Section 9. Stock Options. During this Agreement's term, the Employee will
be entitled to participate in and receive the benefits of any stock option,
profit sharing, or other plans, benefits, and privileges given to employees and
executives of the Bank or its subsidiaries and affiliates that may come into
existence to the extent commensurate with the Employee's then duties and
responsibilities, as fixed by the Bank's Board of Directors or any Committee of
the Board or of the Bank selected for this purpose; and, to the extent the
Employee is otherwise eligible and qualifies, to so participate in and receive
these benefits or privileges. The Bank shall not make any changes in these
plans, benefits or privileges that would adversely affect the Employee's rights
or benefits unless the change occurs pursuant to a program applicable to all
Bank executive officers and does not result in a proportionately greater adverse
change in the rights of or benefits to the Employee as compared with any other
Bank executive officer. Nothing paid to the Employee under any plan or
arrangement presently in effect or made available in the future shall be deemed
to be in lieu of the salary payable to the Employee pursuant to Section 5.

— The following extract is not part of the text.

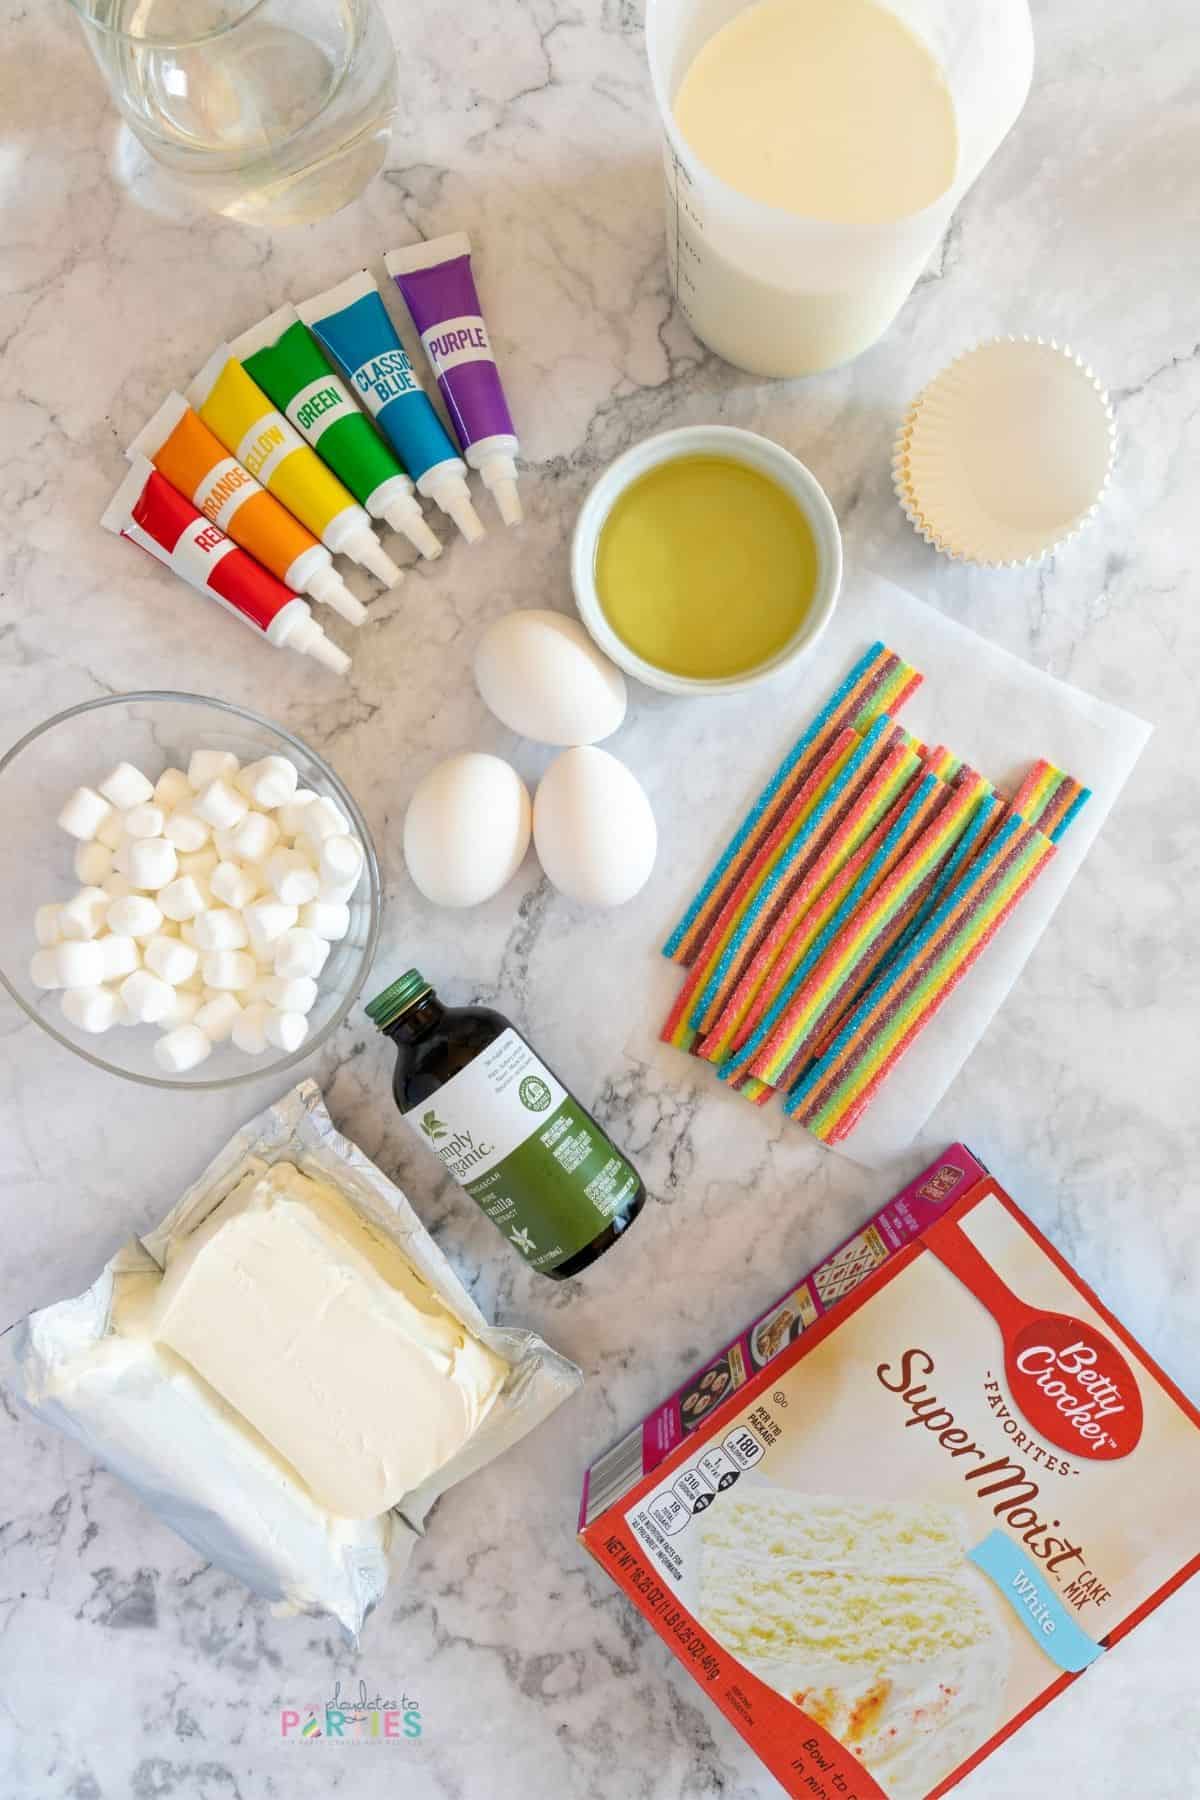 Ingredients for rainbow cupcakes.

Section 10. Expenses. The Bank shall reimburse the Employee or otherwise
provide for or pay for all reasonable expenses incurred by the Employee in
furtherance of or in connection with the Bank's business, including, but not by
way of limitation, automobile and traveling expenses and all reasonable
entertainment expenses whether incurred at the Employee's residence, while
traveling, or otherwise, subject to reasonable limitations as may be established
by the Bank's Board of Directors, provided these expenses are deductible by the
Bank for federal income taxation purposes. If these expenses are paid in the
first instance by the Employee, the Bank will reimburse the Employee.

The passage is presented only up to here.